青山 洋昭 (戦略的プロジェクトセンター)・山極 海嗣 (戦略的プロジェクトセンター)


研究のポイント!

 ・新規分析手法の開発
 ・文理融合研究
 ・試料を非破壊的に分析

 考古学において「土器」は過去の人間の活動や文化に関する情報を提供する重要な資料です。その土器を考古学的に研究する際には、近年では蛍光X線分析を含む化学的な分析手法が広く用いられています。しかし、これらの解析法では資料の破壊してしまう必要が生じます。さらに、破壊してしまうことで、土器が本来持っている粘土の状態が分析できない等の問題がありました。
 そこで本研究では、X線蛍光顕微鏡(XGT)を用いて分析を行いました。XGTはX線ビームを試料に照射し、X線が当たった場所から発生する蛍光X線を検出します。元素によって蛍光X線のスペクトルが異なるので、試料にどのような元素がどういう分布で存在しているかを明らかにできます。

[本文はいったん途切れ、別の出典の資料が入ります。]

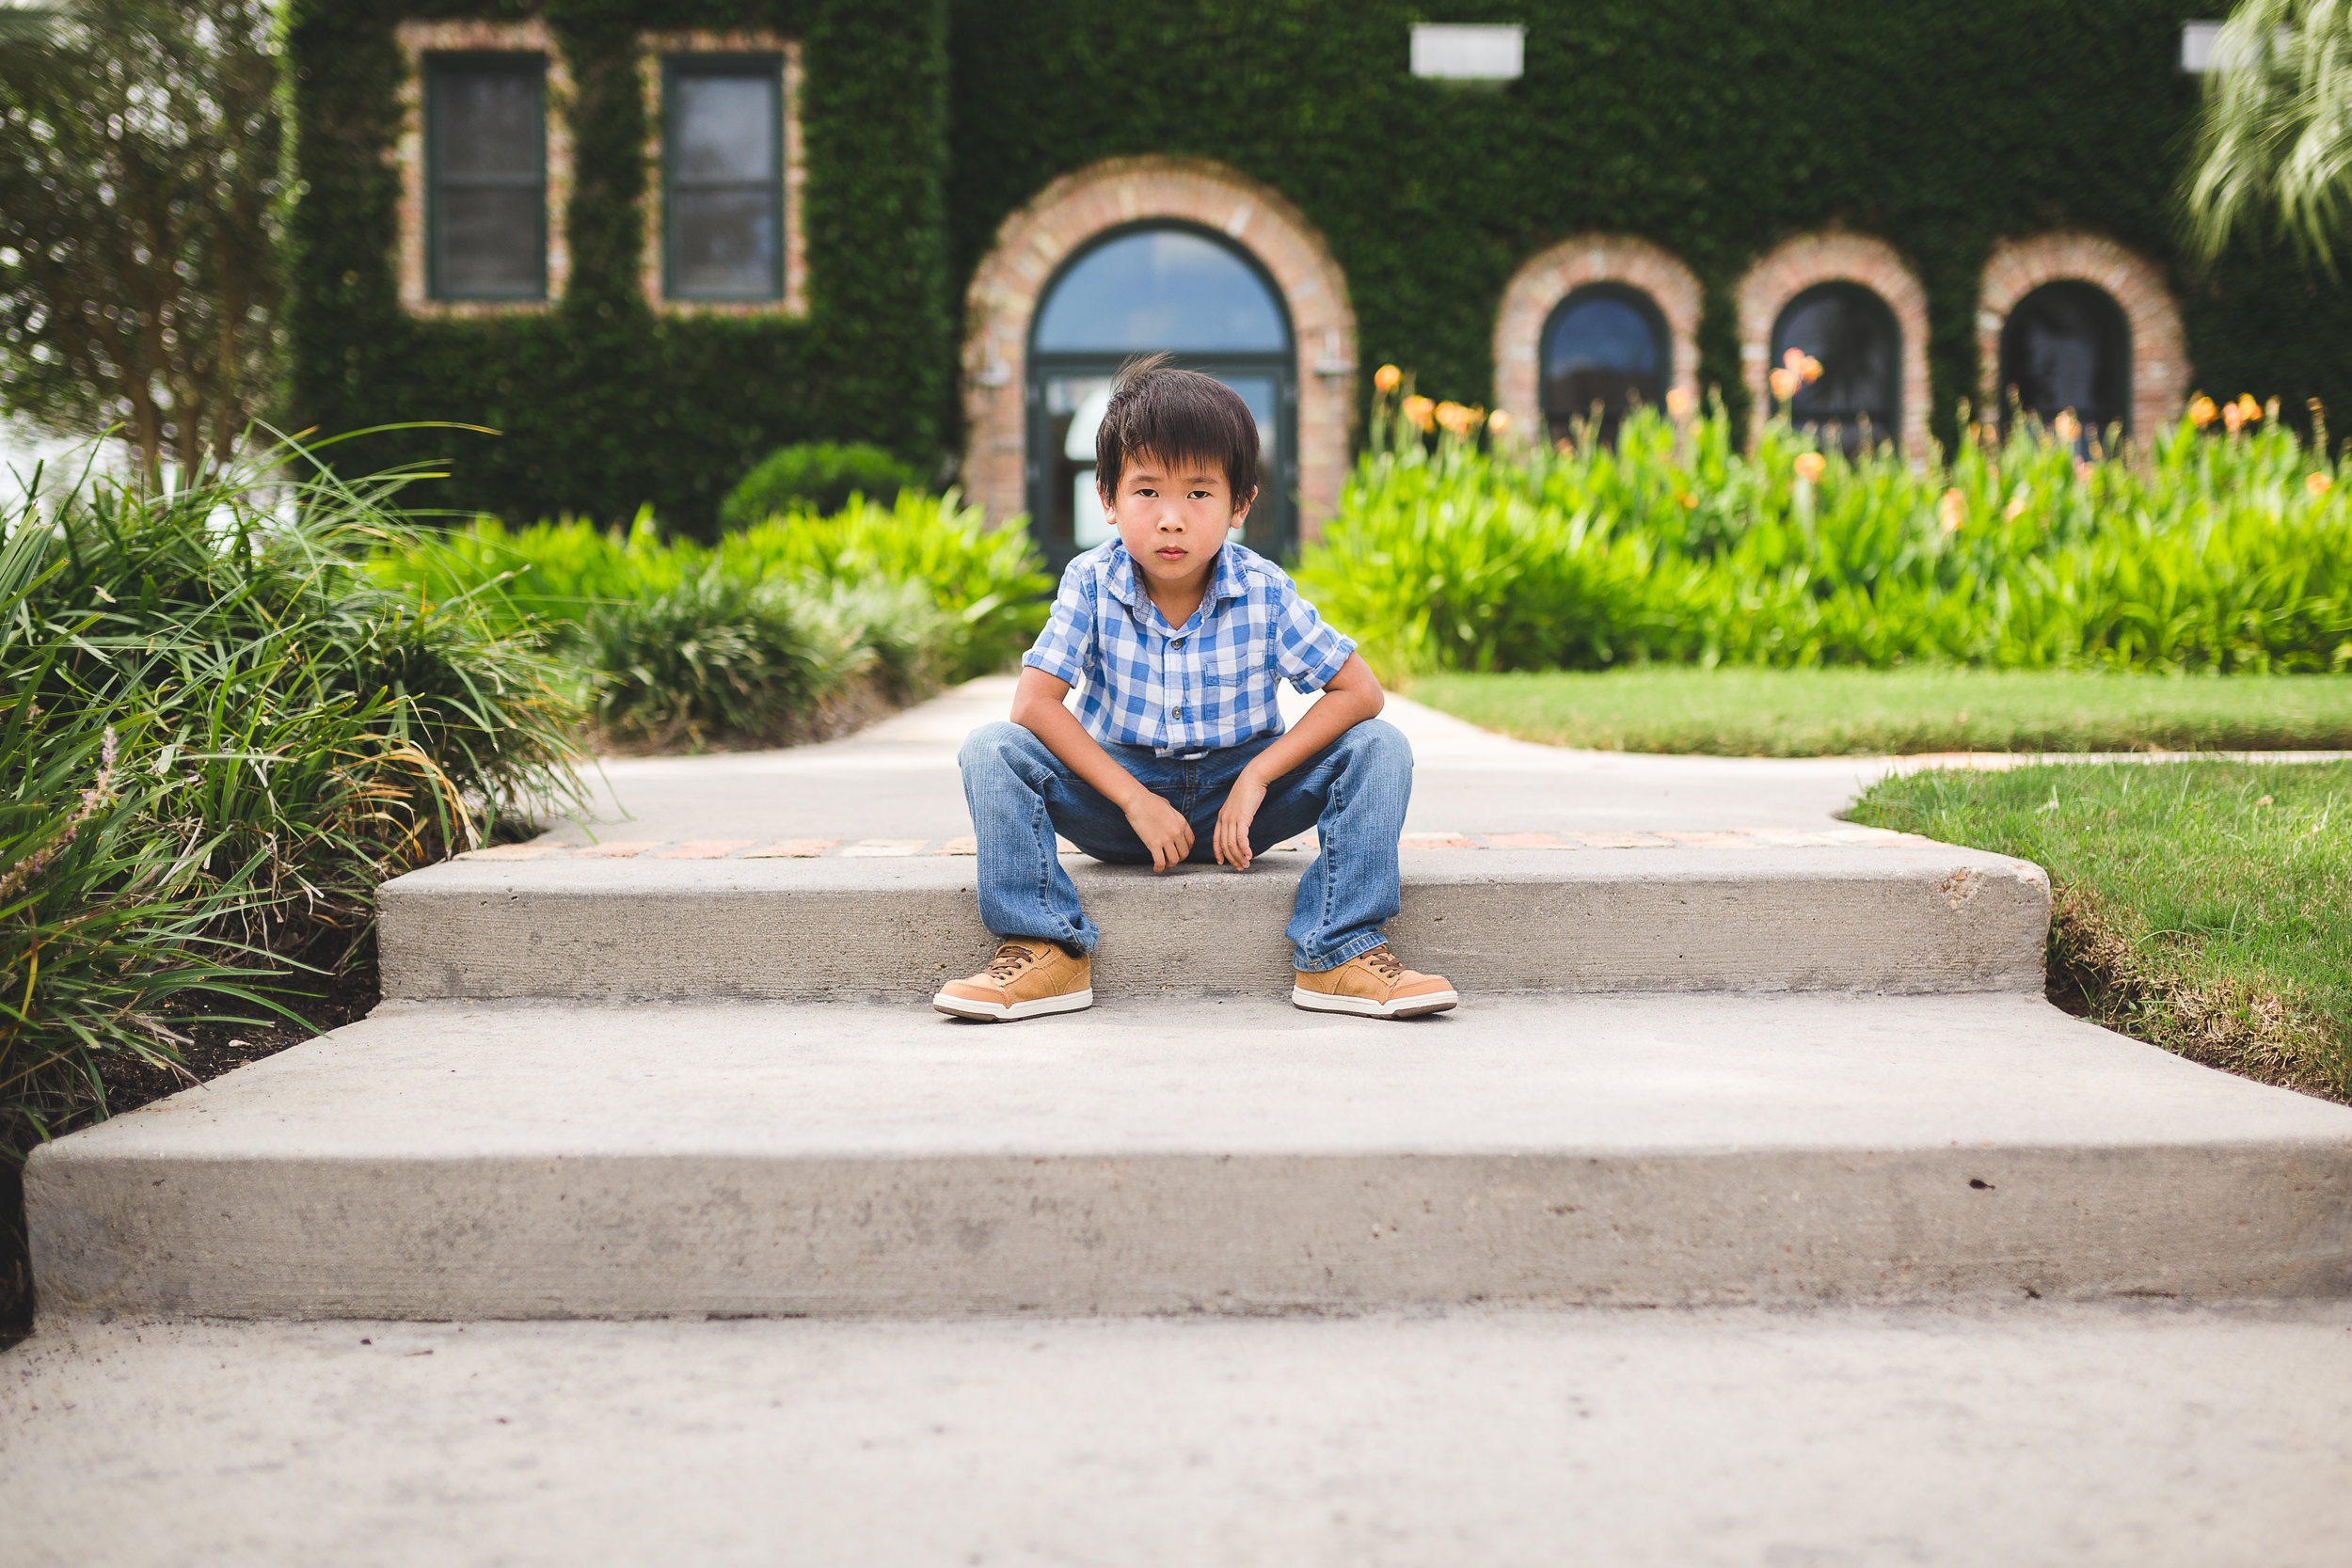 houston-tx-boy-childrens-family-photographer-photography-sugar-land-richmond-katy-tx.jpg

このXGTで土器を分析すると、土器を壊すことなく土器のどこにどの元素がどれくらいあるのかがわかります。実際の分析では、八重山諸島から発掘された13個の土器片について、元素マッピングと多点スペクトル測定の2つの測定方法を用いることで、土器表面の元素分布を可視化すると共に、同一サンプル上の多点における各元素成分のデータを取得しました。

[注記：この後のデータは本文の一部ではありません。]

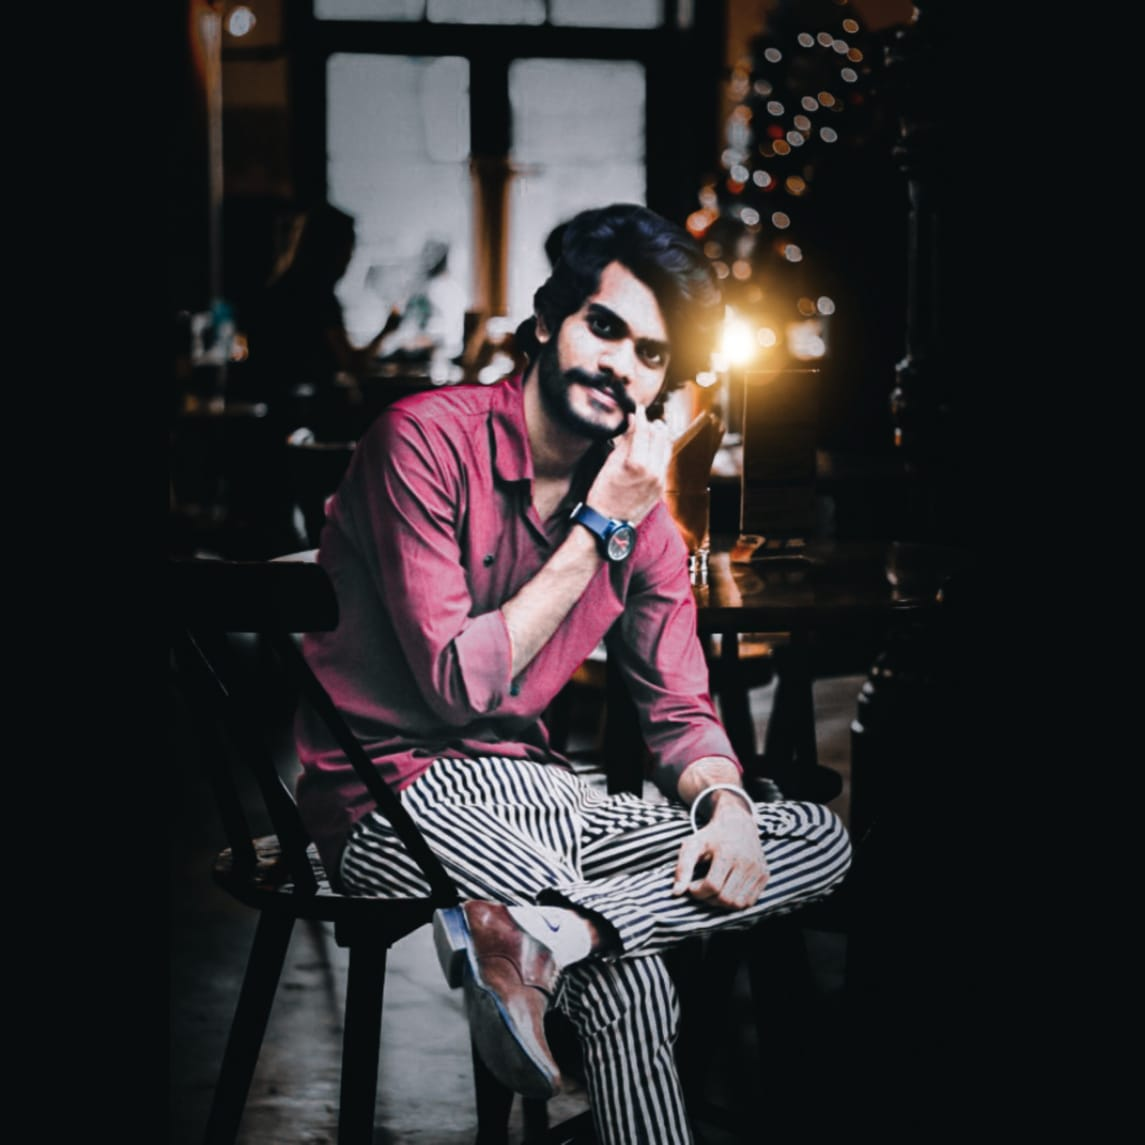 Mayank Singh Rajput is working towards providing platforms to hardworking artists

 その結果、カルシウムを主成分とした粒子が粘土に添加されていて、その粒子の大きさと量が土器間で異なることが明らかになりました。また、多点スペクトル測定から、土器間で鉄やケイ素を含む土器の粘土成分の均一性に特徴があることもわかりました。さらに、これらのデータを多変量解析(PCA、NMDS)で解析すると、八重山諸島における土器製作技術の違いは年代的な要因によるものである事が示唆されました。XGTを用いた本手法は、土器製作の技術変化を研究する上での新しいアプローチとして有効であると言えます。XGTの利用を通して、考古学と化学的分析、統計解析など文系分野と理系分野の研究者が協力して行った研究であり、今後の進展も期待されます。